Take Profit 1 - 107.10 Take Profit 2 - 107.60 Take Profit 3 - 108.10 Stop loss - 105.30
The CADJPY pair has been in a bullish trend for the past few weeks, and it is currently trading near the top of its range. The current spot rate is 106.30, and a buy entry point of 106.30 is just below the recent high of 106.50.
There are a few reasons why CADJPY could continue to rise in the near term. First, the CAD is generally seen as a commodity currency, and it has been strengthening against the JPY in recent weeks as commodity prices have risen. Second, the Bank of Canada is expected to raise interest rates more quickly than the Bank of Japan, which could put upward pressure on the CAD against the JPY. Finally, the Canadian economy is expected to grow more quickly than the Japanese economy in the near term. This is due to a number of factors, including the strength of the Canadian housing market and the country's exports of oil and other commodities.
Technical analysis:
From a technical perspective, the CADJPY pair is trading above its 200-day moving average, which is a bullish signal. The pair is also forming a bullish ascending triangle pattern, which is a continuation pattern that typically leads to a breakout to the upside.
Fundamental analysis:
The Canadian economy is expected to grow more quickly than the Japanese economy in the near term. This is due to a number of factors, including the strength of the Canadian housing market and the country's exports of oil and other commodities. However, the Bank of Canada is expected to raise interest rates more quickly than the Bank of Japan, which could put upward pressure on the CAD against the JPY.
Risks:
There are a few risks to consider before entering a trade on CADJPY. First, the global economy is facing some headwinds, such as the war in Ukraine.
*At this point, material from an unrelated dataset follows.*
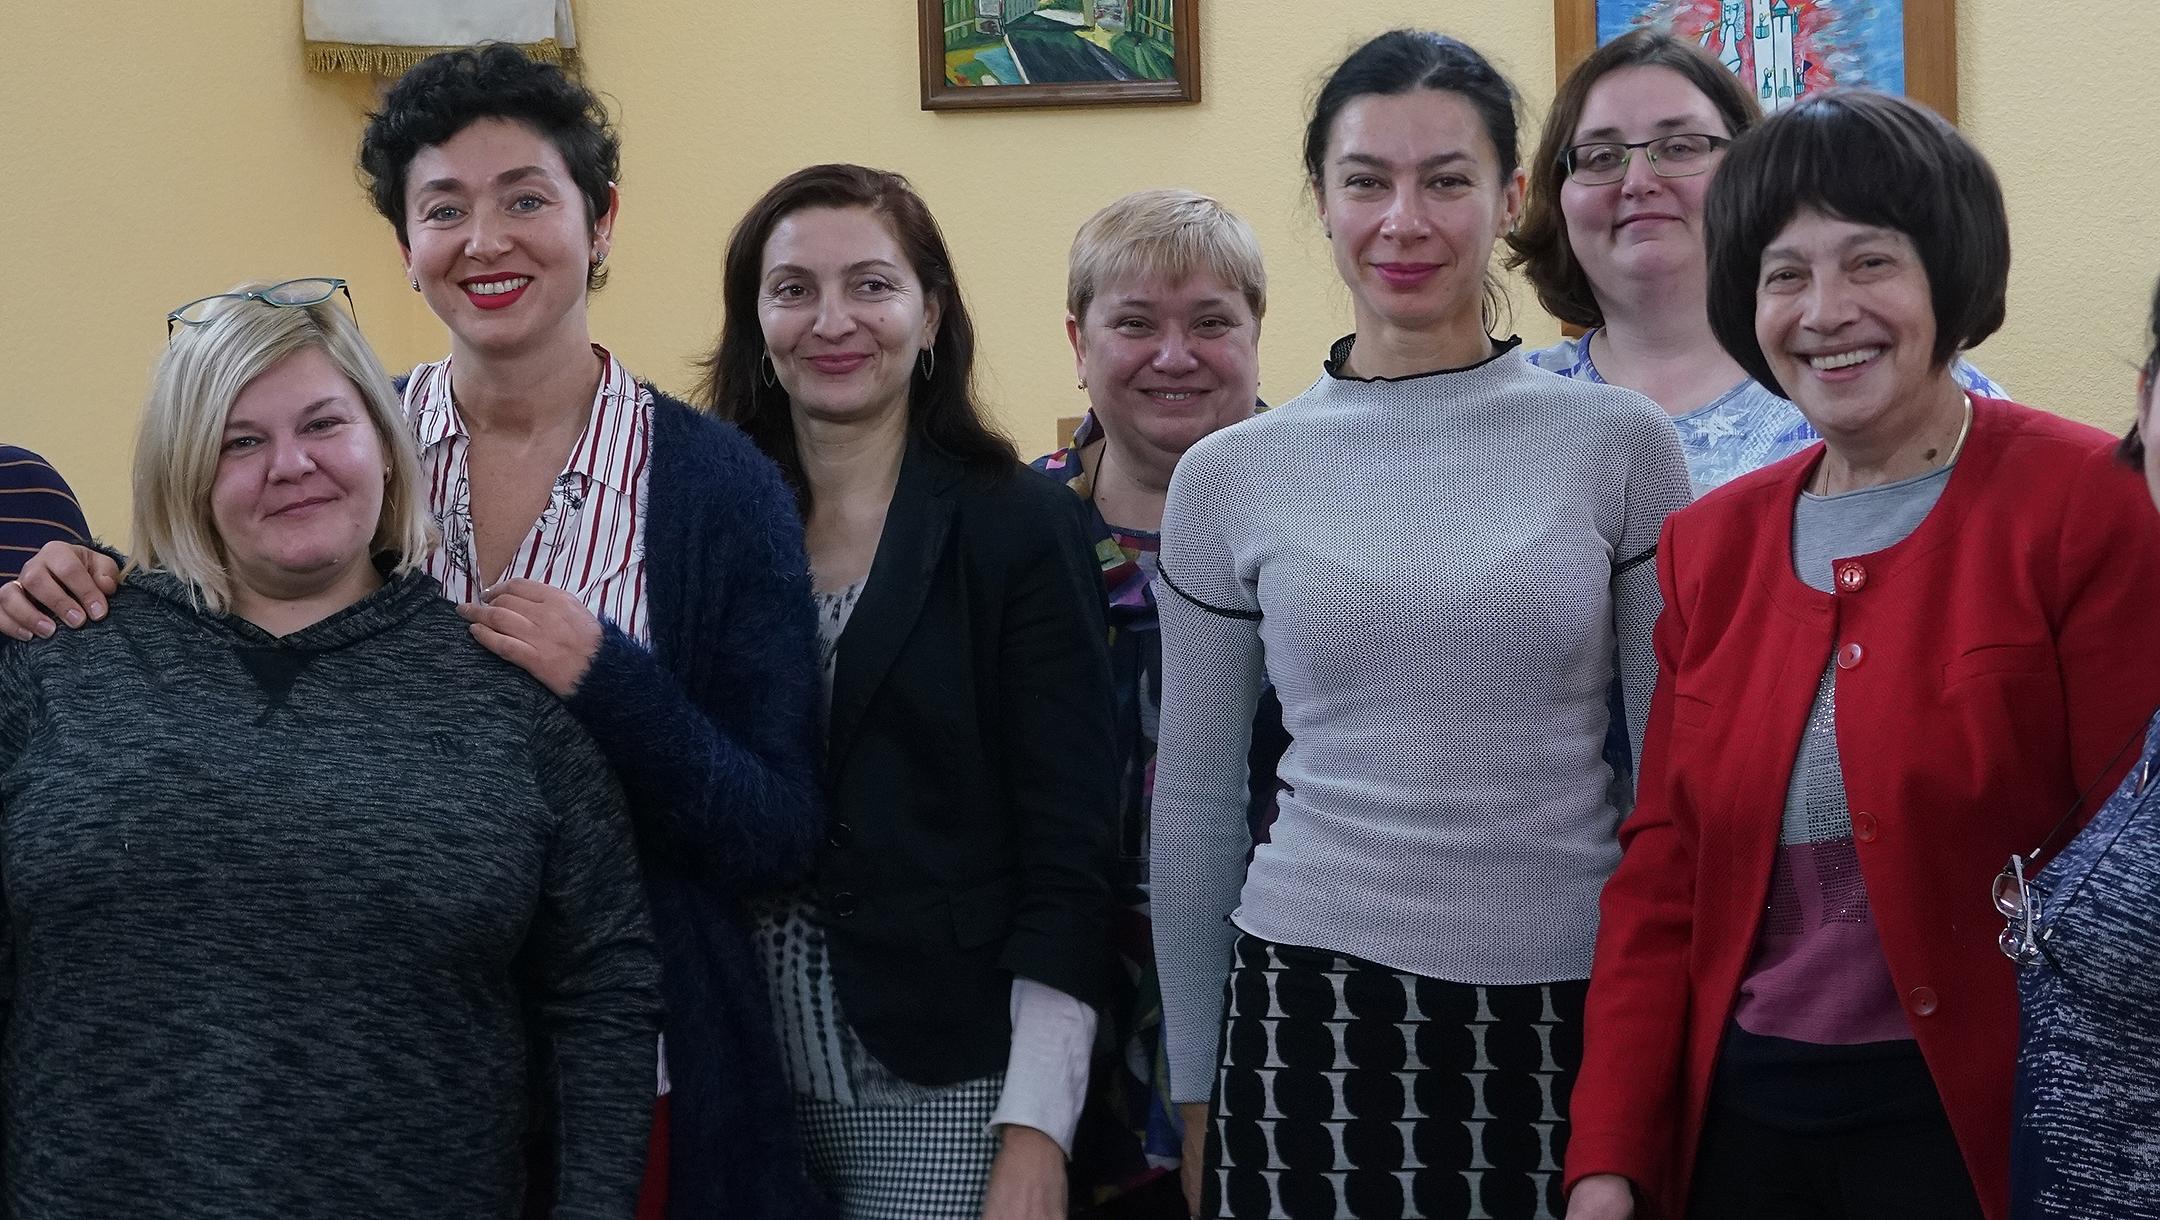 Kira Verkhovskaya, 5th from right, with other Ukrainian Jewish women at the Migdal Jewish Community Center in Odessa on Nov. 3, 2019. (Cnaan Liphshiz)

These headwinds could weigh on risk appetite and lead to a decline in the CADJPY pair. Second, the Bank of Japan is expected to continue to pursue an ultra-loose monetary policy, which could put downward pressure on the JPY. Finally, the Canadian economy is facing some headwinds, such as the war in Ukraine and the ongoing trade tensions with China. These headwinds could weigh on the CAD and lead to a decline in the CADJPY pair.
Overall:
I think CADJPY is a good pair to trade for those who are looking for a long-term bullish trend. However, it is important to remember that the forex market is volatile, and there is always the risk of a reversal. You should always do your own research before entering any trades.
Here are some additional factors that you may want to consider before entering a trade on CADJPY:
The economic outlook for Canada and Japan. The level of volatility in the forex market. The price of oil and other commodities.